# EXERCISE DATA
▬▬▬

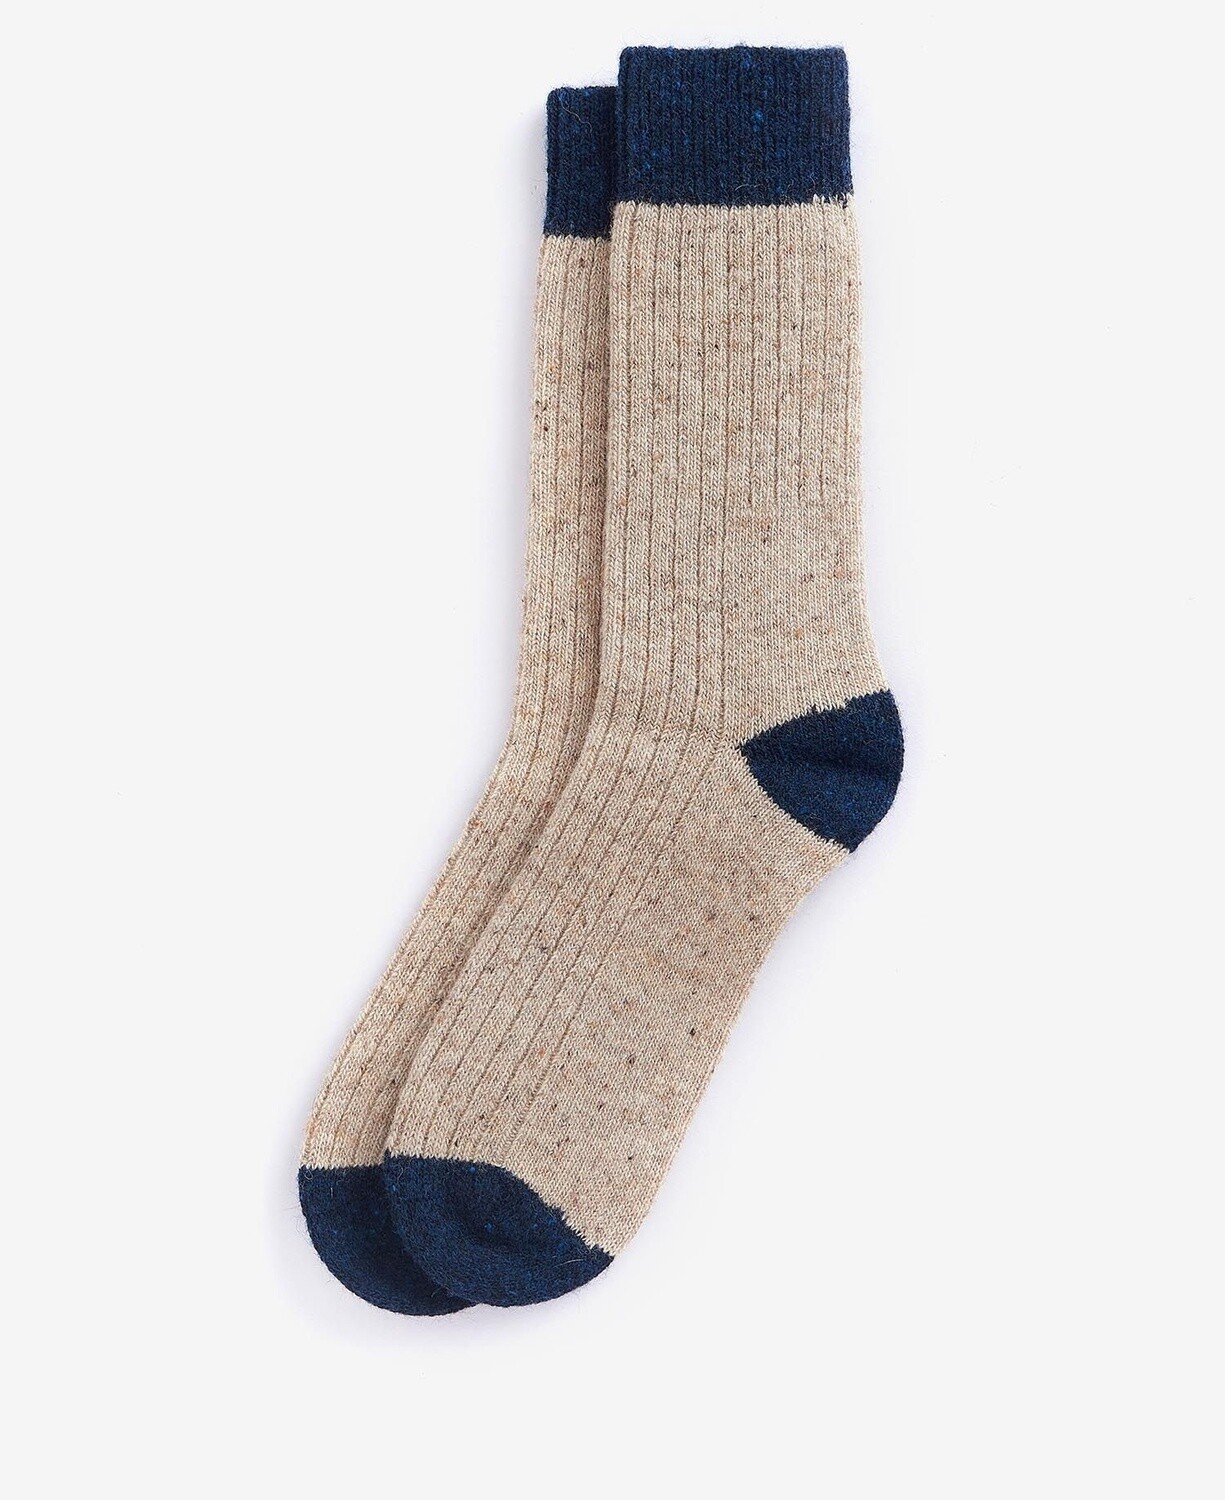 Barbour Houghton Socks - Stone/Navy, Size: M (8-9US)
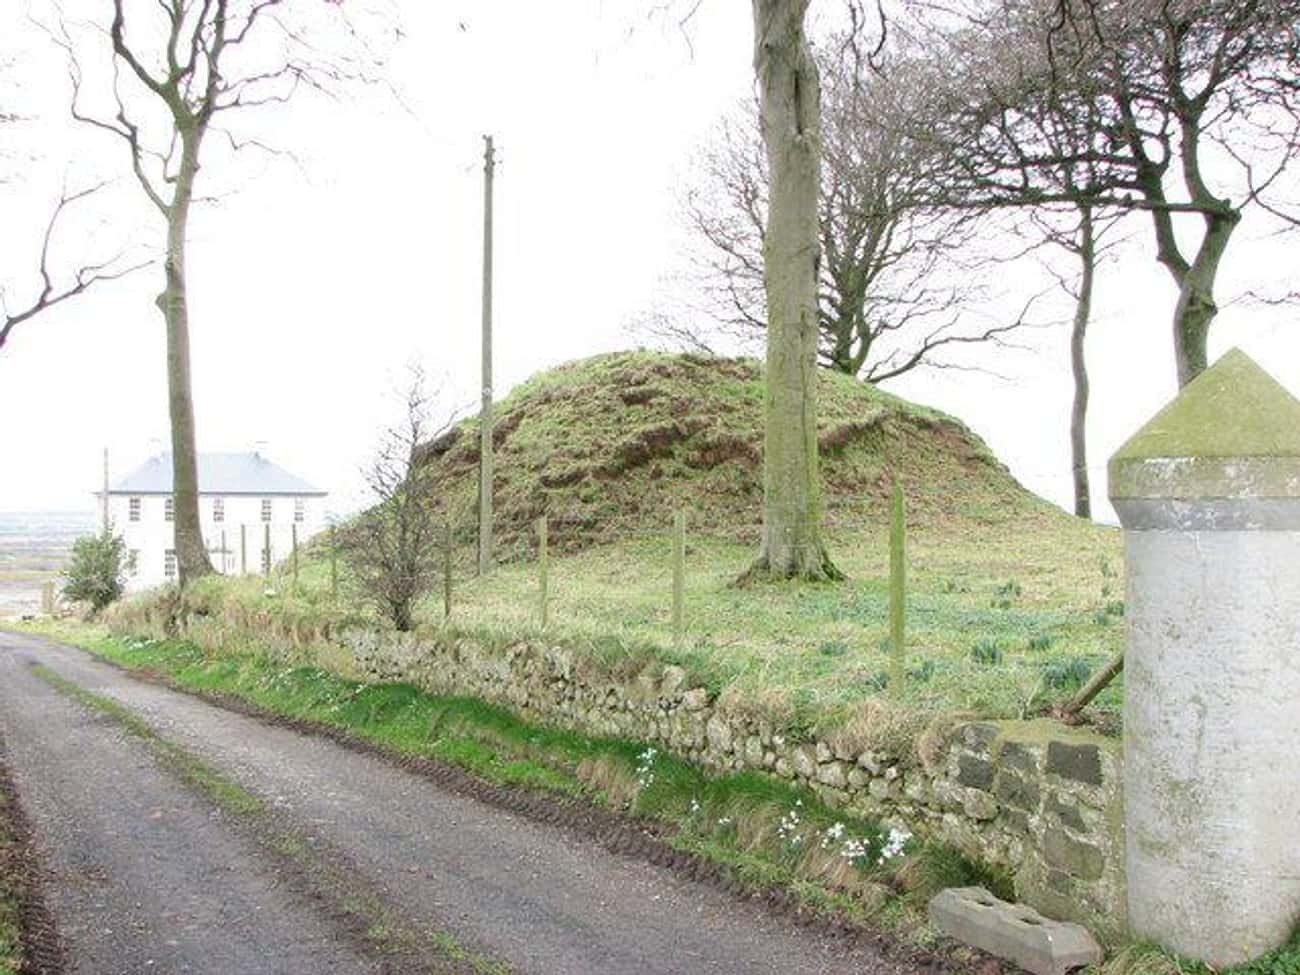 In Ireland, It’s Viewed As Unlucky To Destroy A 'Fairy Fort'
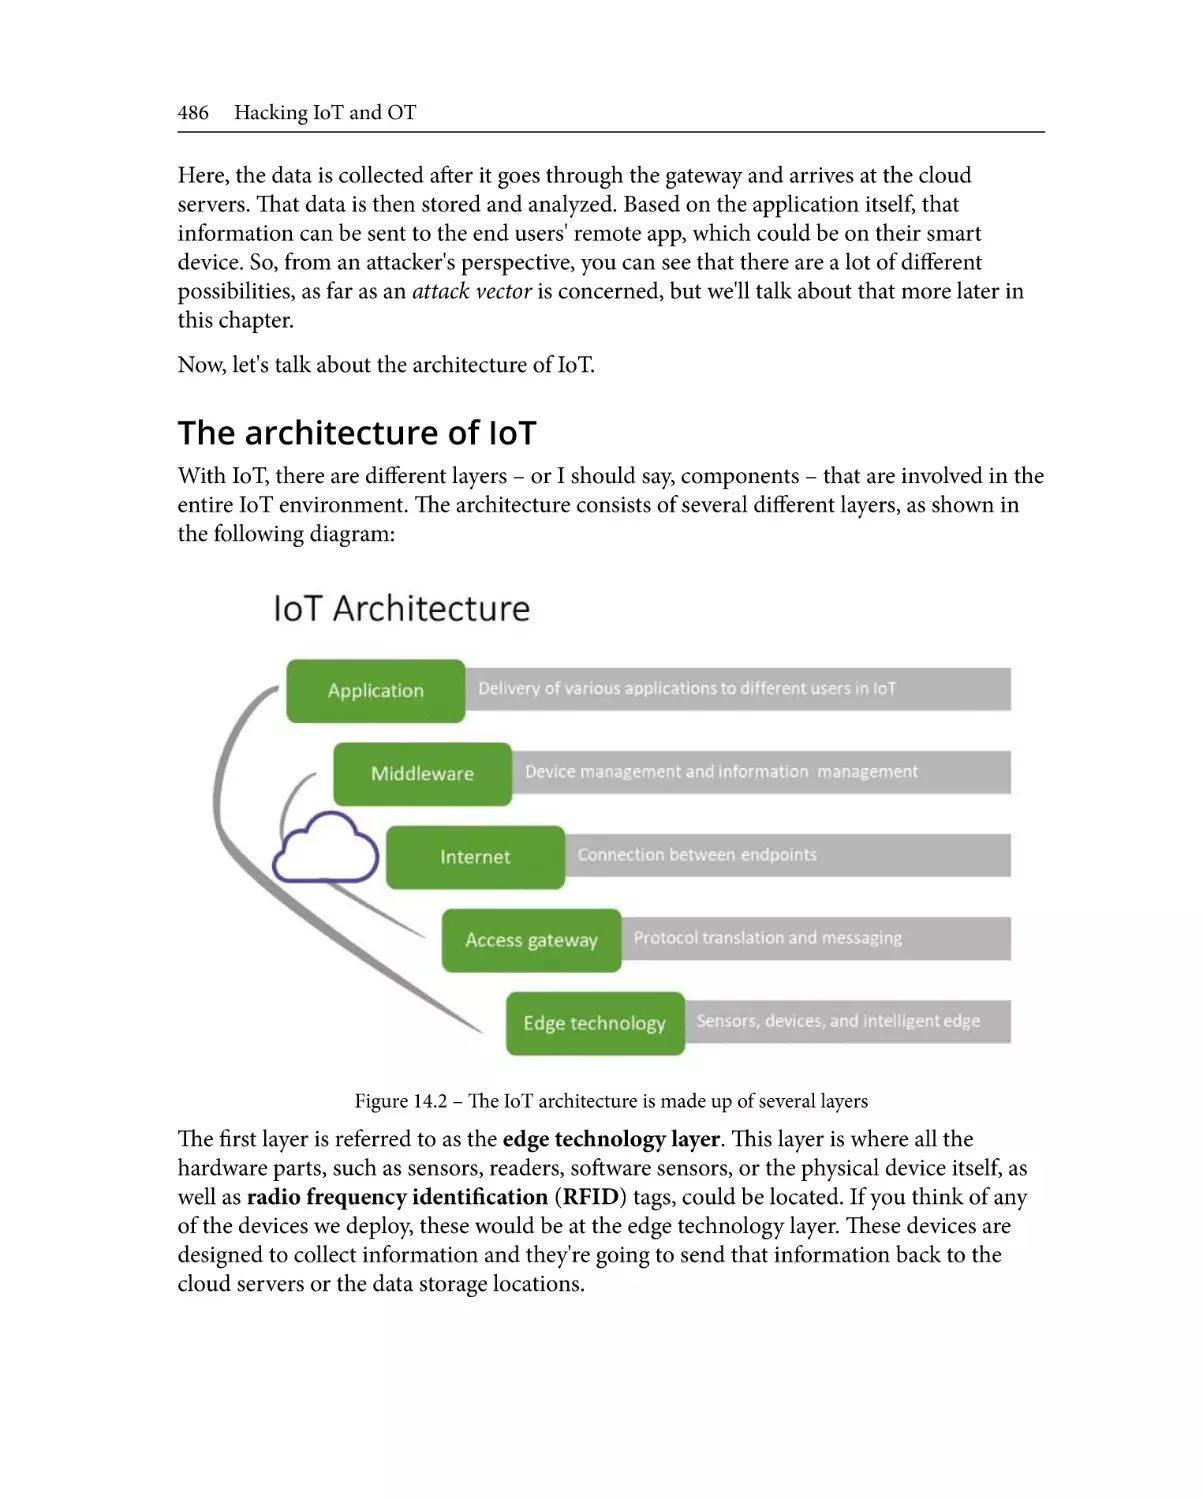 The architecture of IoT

▬▬▬

Copy out the material above in full and exactly, but with no pictures.

 Barbour Houghton Socks - Stone/Navy, Size: M (8-9US)
 In Ireland, It’s Viewed As Unlucky To Destroy A 'Fairy Fort'
 The architecture of IoT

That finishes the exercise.